L’année suivante verra la création de la Midlands Line, longue de 56 km et qui va relier Port-Louis à Mahébourg. C'est elle qui favorisera le développement des agglomérations urbaines, grâce à la desserte de Beau-Bassin, Rose-Hill, Quatre-Bornes, Phoenix, Vacoas, Curepipe et Rose-Belle. « C’est le train qui transporte le kérosène, un hydrocarbure antérieur à l’électricité et qui sert aux foyers », explique l'architecte et urbaniste, avant d’ajouter : « Le pays a eu besoin du train pour faire tourner l’industrie sucrière.

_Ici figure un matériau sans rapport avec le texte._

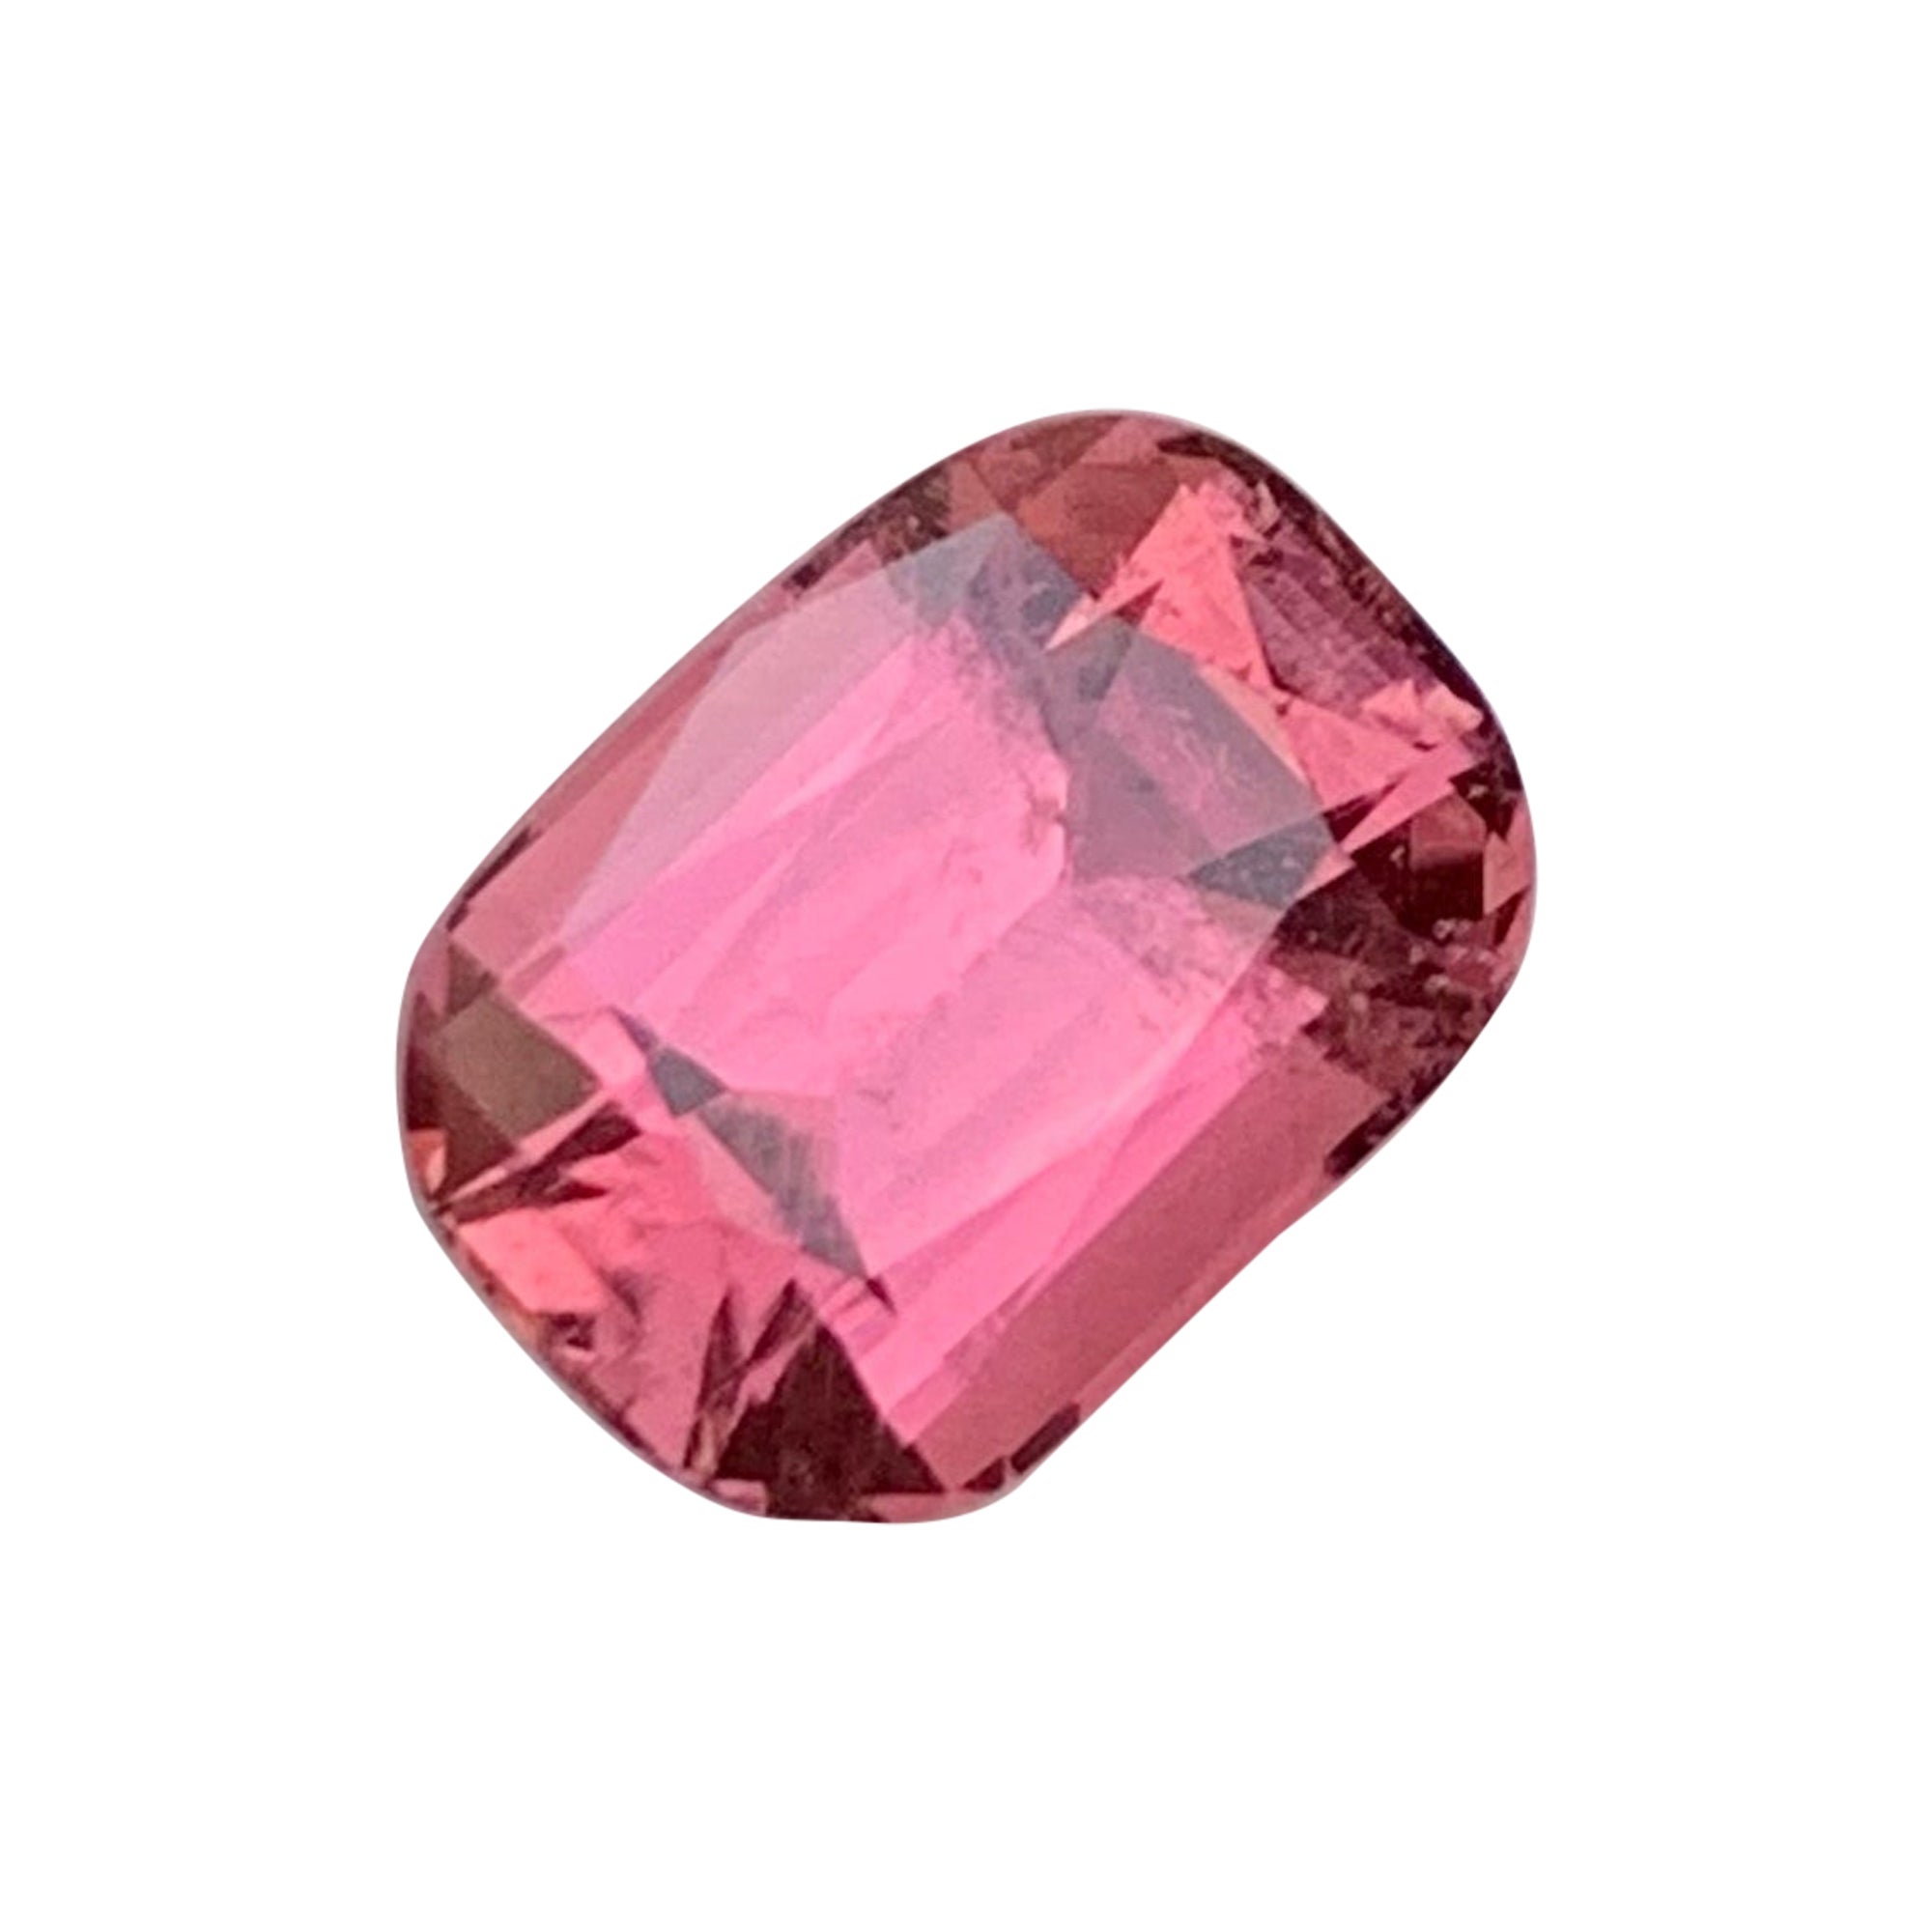 Adorable Sweet Pink Tourmaline Gemstone 2.25 Carats Tourmaline Stone For Jewelry For Sale

C’est le chemin de fer qui mettra fin au transport par la mer du sucre du Batelage, à Souillac dans le Sud jusqu’à la rade de Port-Louis. »
Disparition du chemin de fer mauricien
Est-ce que ce sont des motivations politiques qui ont décidé du sort du chemin de fer mauricien en 1964, date à laquelle le dernier train a cessé ses opérations ? « Difficile de l’affirmer, répond Rambassun Sewpal.
De 1948 à 1953, on a estimé que le train faisait des pertes. Un fait explique en partie cette décision : aux États-Unis, durant l’après-guerre, les usines Ford ont commencé à construire des voitures à la chaîne et celles-ci ont fait leur apparition à Maurice. On a alors commencé à construire des routes et des ponts pour permettre aux autobus et voitures de circuler. On s’est rendu compte que les autobus étaient complémentaires aux trains, mais plus rapides et capables de desservir les petites localités de Maurice. Puis l’entretien des trains était plus onéreux que celui des autobus. »
Ces facteurs ont fini par s’imposer aux autorités mauriciennes qui vendront wagons et locomotives à la société sud-africaine Bethleem Steel et une partie des rails à une compagnie indienne. « Aujourd’hui encore, quelques tronçons de l’ancien chemin de fer ont survécu et sont la propriété de l’État. Car durant la construction du chemin de fer, l’État avait acheté des terres pour l'installation des rails. Paradoxalement, il doit aujourd’hui racheter ses propres terres pour son projet de métro », fait comprendre Rambassun Sewpal.